The second conversation, four months later, lasted three hours. By the end, her father was discussing wedding venues.
This is the story of what happened between the two conversations.
Setup
Bhavya is a composite. (This story is a composite of three couples who shared their experiences.) She is built from a 28-year-old social worker in Jaipur from a Rajput family, a 29-year-old engineer in Chennai from a Tamil Brahmin family, and a 27-year-old journalist in Kolkata from a Bengali Kayasth family. All three were rejected by their own families when the alliance was first proposed. All three were eventually accepted. All three describe the change of heart as a slow process built from many small interventions, not a single dramatic one.

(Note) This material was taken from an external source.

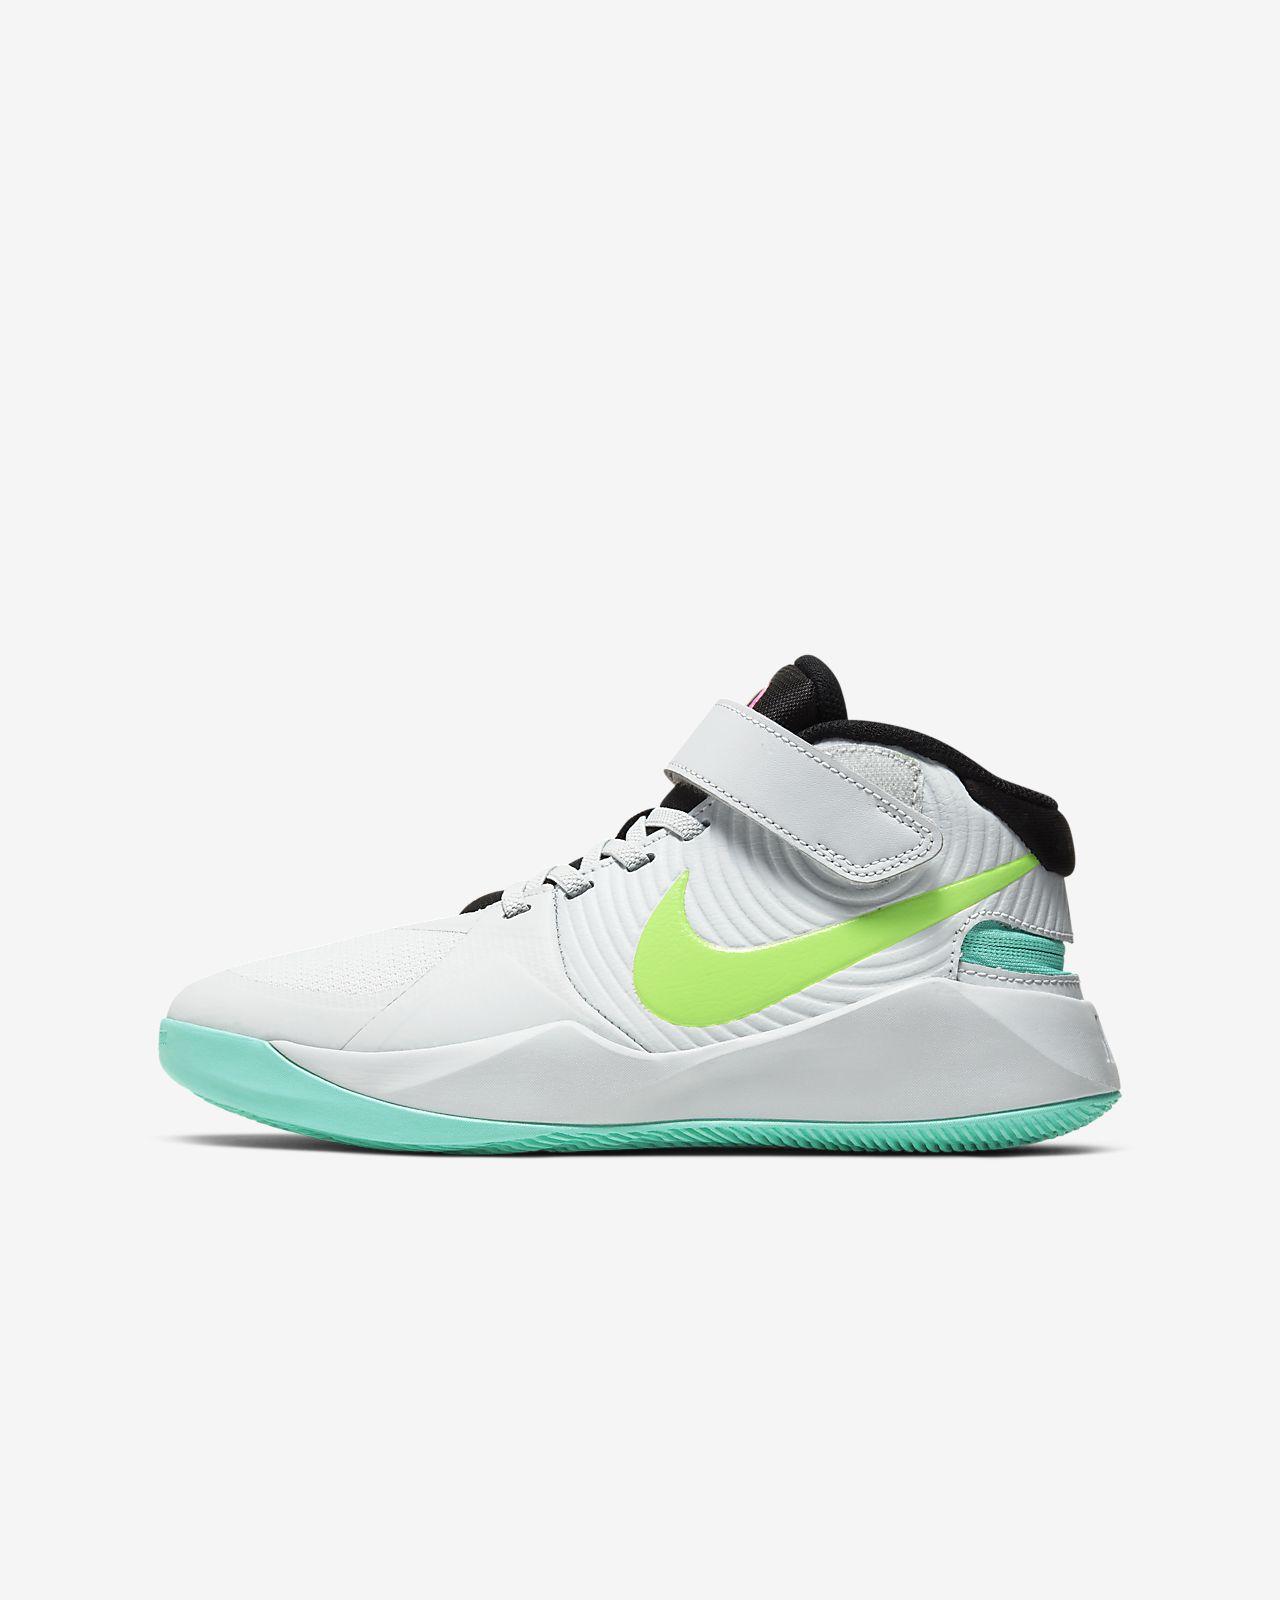 Nike Team Hustle D 9 FlyEase Big Kids' Basketball Shoe

The Jaipur protagonist met Aditya at a Delhi conference in early 2021. They became friends first, then partners, and by mid-2023 had agreed they wanted to marry. The cultural distance was real — Rajput household versus Bengali household, different food traditions, different wedding rituals, different rashis on the Hindi versus Bengali calendar. The kundalis had not yet been formally checked, but Bhavya knew her parents would invoke them as soon as the conversation started.
She was right. The first conversation in October 2023, when she brought up Aditya’s name at dinner, ended in four minutes. Her father said: “Different community. Different astrologer. The kundalis will not match. Let us not waste time.”

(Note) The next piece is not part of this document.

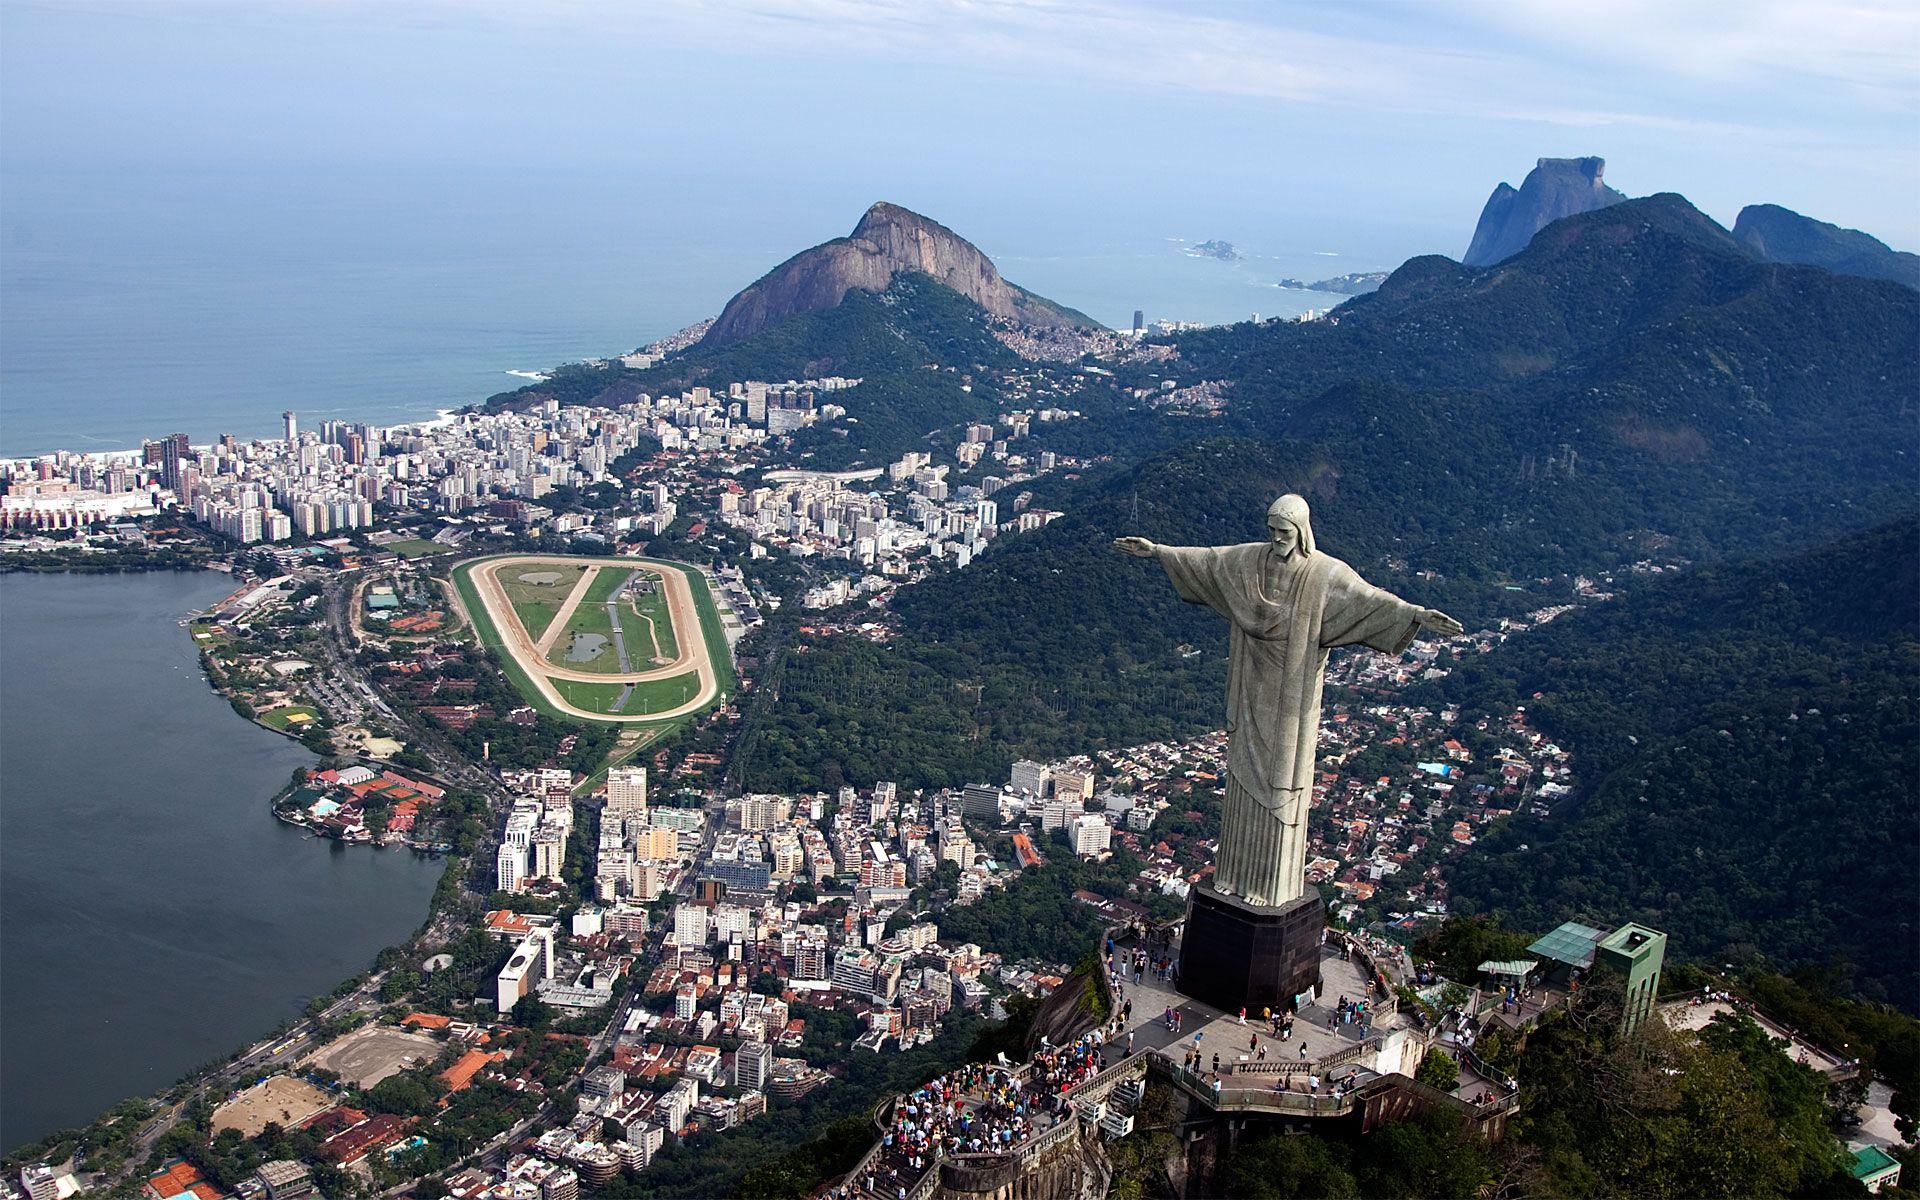 Google Image Result For Http Tommo39 Files Wordpress Com 2010 12 32brazil020r Brazil Cities Brazil Wallpaper Rio De Janeiro

She did not argue at the time. She walked out of the room, finished her water in the kitchen, and started planning the four-month process that eventually changed his mind.
Conflict
The rejection had three layers. The top layer was the kundali — her father had assumed, without checking, that an inter-community match would fail the milan. The middle layer was cultural — Rajput weddings and Bengali weddings have meaningfully different rituals, and her father had not figured out how the families would even coordinate. The bottom layer was status anxiety — her father worried about how his cousins in his ancestral village would react.
Bhavya understood that the top layer was the one she could address directly. The middle layer needed time and a few family meetings. The bottom layer was something only her father could resolve, and only over time.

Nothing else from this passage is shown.